GAITHERSBURG, MARYLAND -- (Marketwire) -- 02/20/13 -- Cytomedix, Inc. (OTCQX: CMXI)
•$7.5 Million Senior Secured Term Loan Facility •$5.0 Million Equity Raise •$15 Million Committed Equity Facility
Cytomedix, Inc. (OTCQX: CMXI) (the "Company"), a regenerative therapies company commercializing and developing innovative platelet and adult stem cell technologies, announced today the execution of a comprehensive financing plan for 2013. Included in these executed transactions is a tranched $7.5 million senior secured term loan facility, a $5 million equity raise, and a $15 million committed equity facility. The initial fundings position Cytomedix to confidently execute on its 2013 operational business plan.
"We are pleased with this capital infusion, as it provides us with the necessary capital to execute on our strategic growth plans," said Martin Rosendale, Chief Executive Officer of Cytomedix. "This capital will facilitate our continued growth following the record product sales we achieved in the fourth quarter of 2012, the expansion of the AutoloGel System with Medicare coverage, and the international growth of the Angel cPRP System."
$7.5 Million Credit & Security Agreement with MidCap Financial, LLC
The Company has entered into a Credit and Security Agreement with Midcap Financial LLC. The agreement provides for an aggregate term loan commitment of $7.5 million, of which $4.5 million will be received by the Company in the first tranche upon the closing of the transaction, following satisfaction of certain closing conditions. The second tranche of $3.0 million may be advanced to the Company, at the Company's discretion, upon satisfaction of certain milestone and additional capital inflow requirements.

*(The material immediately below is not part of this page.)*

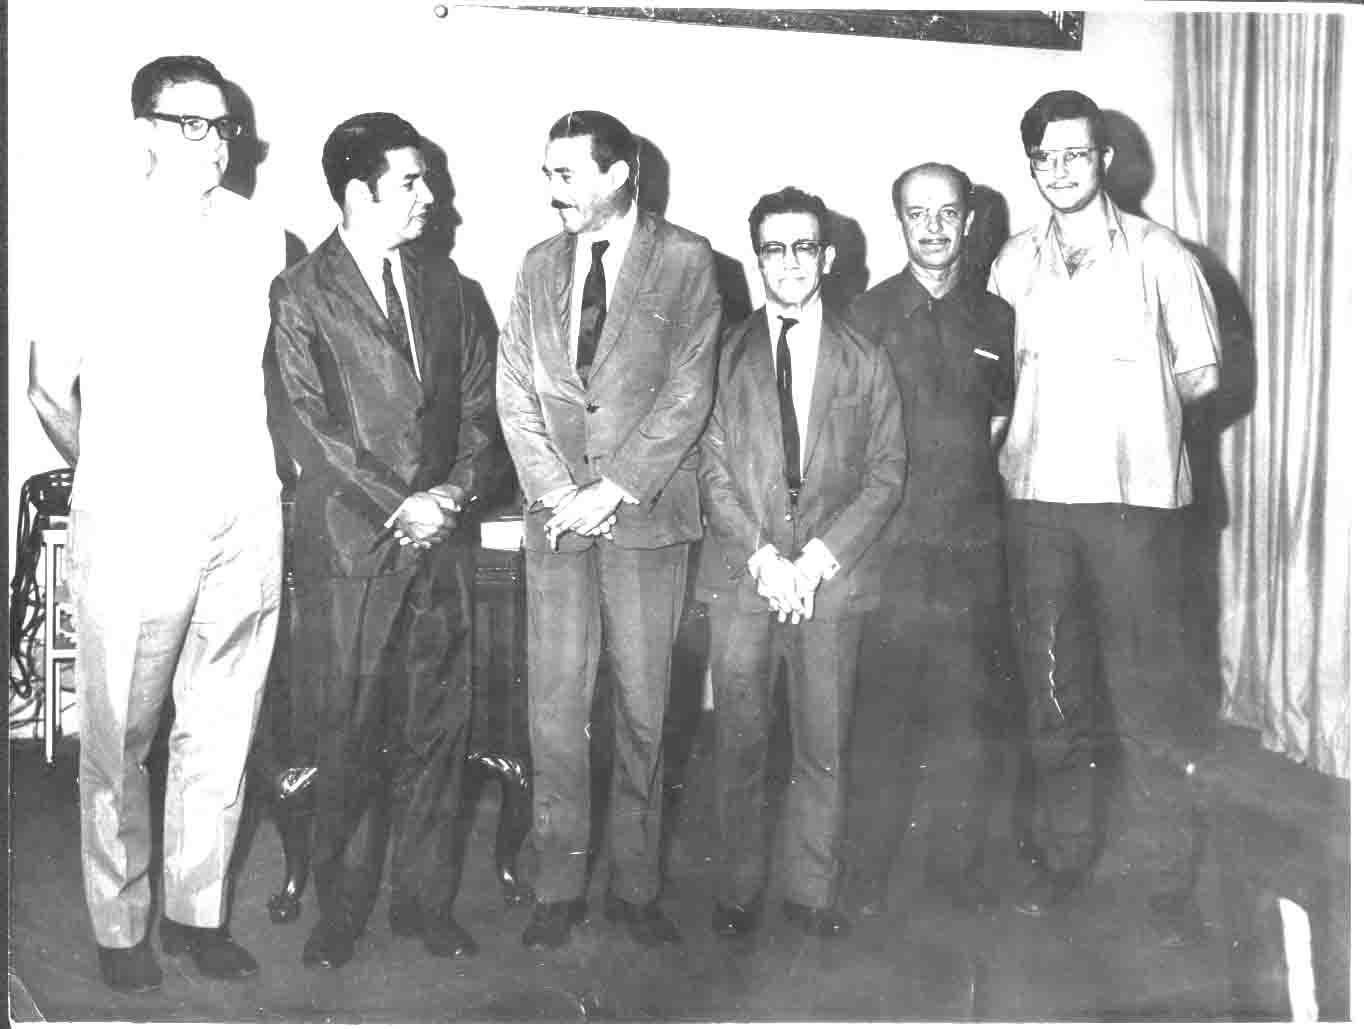 Silvio Marques (falecido), Luis Carlos Peixoto (falecido), Décio Trevenard, Procurador da PMV, Holdar Neves Loyola  e Miguel Deps Talon (falecido) - Posse de Luis Carlos Peixoto como Prefeito de Vitória - 1969

$5 Million Registered Offering
The Company has also entered into securities purchase agreements with certain existing institutional shareholders comprising members of its largest existing shareholder, Aldagen Holdings LLC, the State of Maryland Venture Fund, and other new institutional investors for the sale of 9,090,910 shares of its common stock in a registered offering at $0.55 per share. In addition, warrants to purchase an aggregate of 6,363,637 shares of common stock will be issued to the investors. The warrants are exercisable immediately, expire five years after issuance and have an exercise price of $0.75 per share. Gross proceeds of the offering, before placement agent fees and offering expenses, are expected to be $5.0 million. Subject to customary closing conditions, this transaction is expected to close on or before February 25, 2013. These securities were offered through a prospectus supplement pursuant to the Company's effective shelf registration statement and base prospectus contained therein. Burrill Securities LLC acted as sole placement agent for this offering, and Barrington Research Associates, Inc. acted as a financial advisor to the Company in connection with the offering.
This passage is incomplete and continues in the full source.